In fact this idea had been floating around for a few days now. Von der Leyen opened the door to Eurobonds on Wednesday morning during a speech to the European Parliament. — I have proposed two different options for the upcoming European Council, one based on assets and the other on EU loans, she said.
The question was how the EU could get Hungary, which had ruled out Eurobonds, to lift its veto. Commission officials seemed confident that they had found a way.
In exchange for Orban's support, the Commission released Hungarian taxpayers from the obligation to pay for Ukraine's defense.
Orbán, Czech Prime Minister Andrej Babis and Slovak Prime Minister Robert Fico – the three Eurosceptic EU leaders – gathered for a private meeting on the sidelines of the summit before the leaders sat down for dinner. Eventually, they all obtained exemptions from the common debt program.

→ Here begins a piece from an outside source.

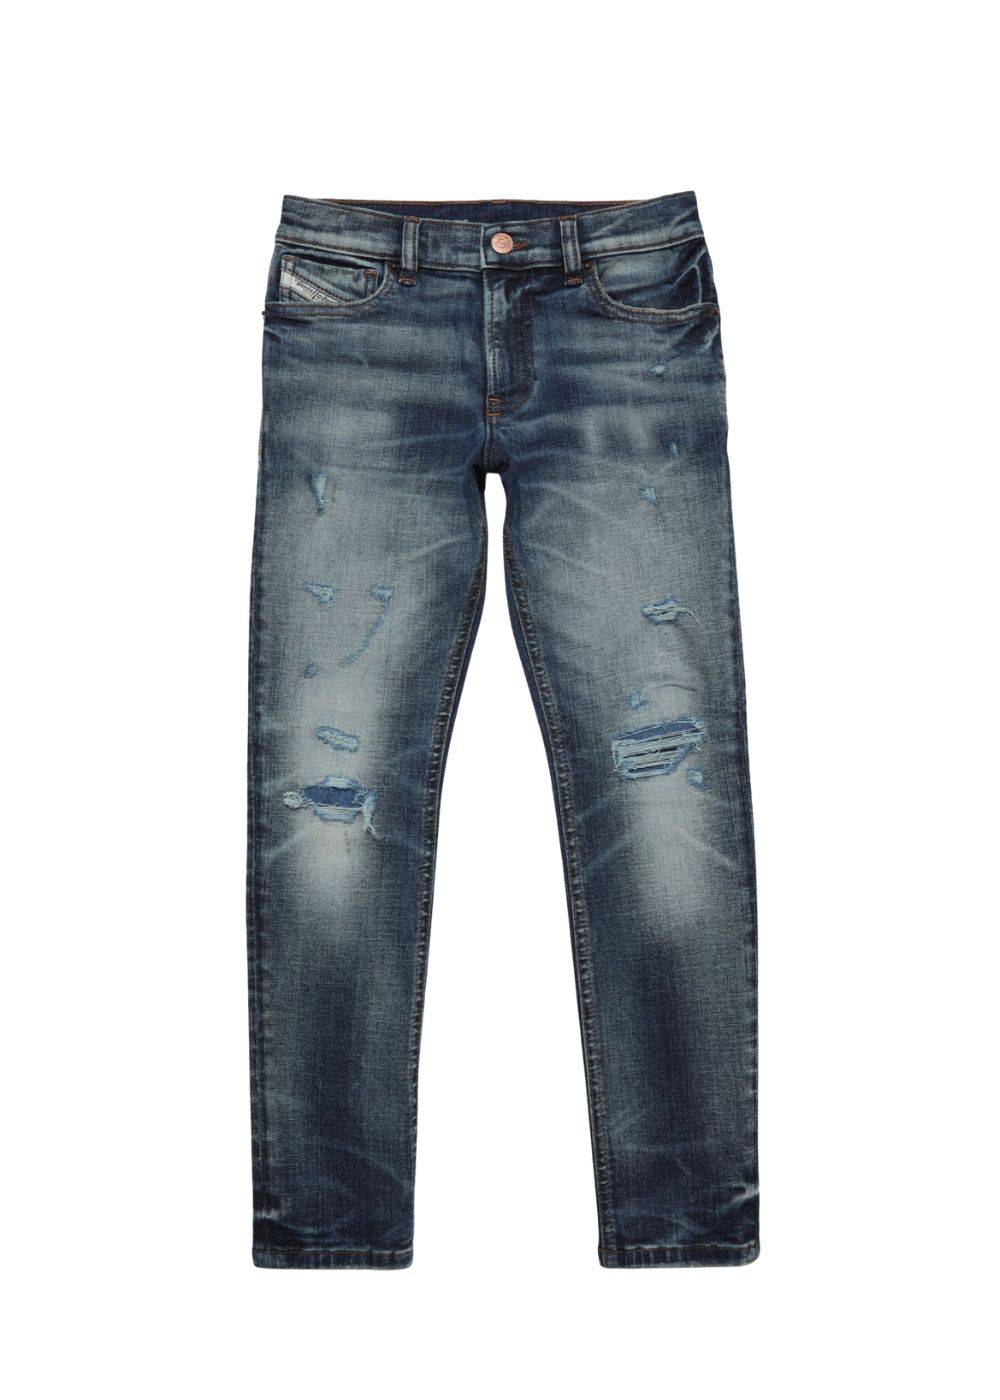 Featured image for “Diesel Jeans In Denim”

What united the remaining 24 EU leaders was the agreement that failure at the December summit was not an option. Without money from the EU, Ukraine will go bankrupt next year.
Zelensky, who flew to Brussels on Thursday morning to focus leaders' attention on the task ahead, told reporters that if they fail to reach an agreement, Ukraine will have to drastically reduce expenses. This would mean fewer weapons and drones and more victims of Russian attacks.
Ultimately, a compromise agreement means – as is often the case with EU decisions – that virtually any leader can present it as a victory.
But no one like the Prime Minister of Belgium.
The bad news for him is that it will not be quickly forgotten in EU power circles. — Bart De Wever cannot count on any favors from the Commission in the near future, said an EU diplomat. “And he'll probably need them.”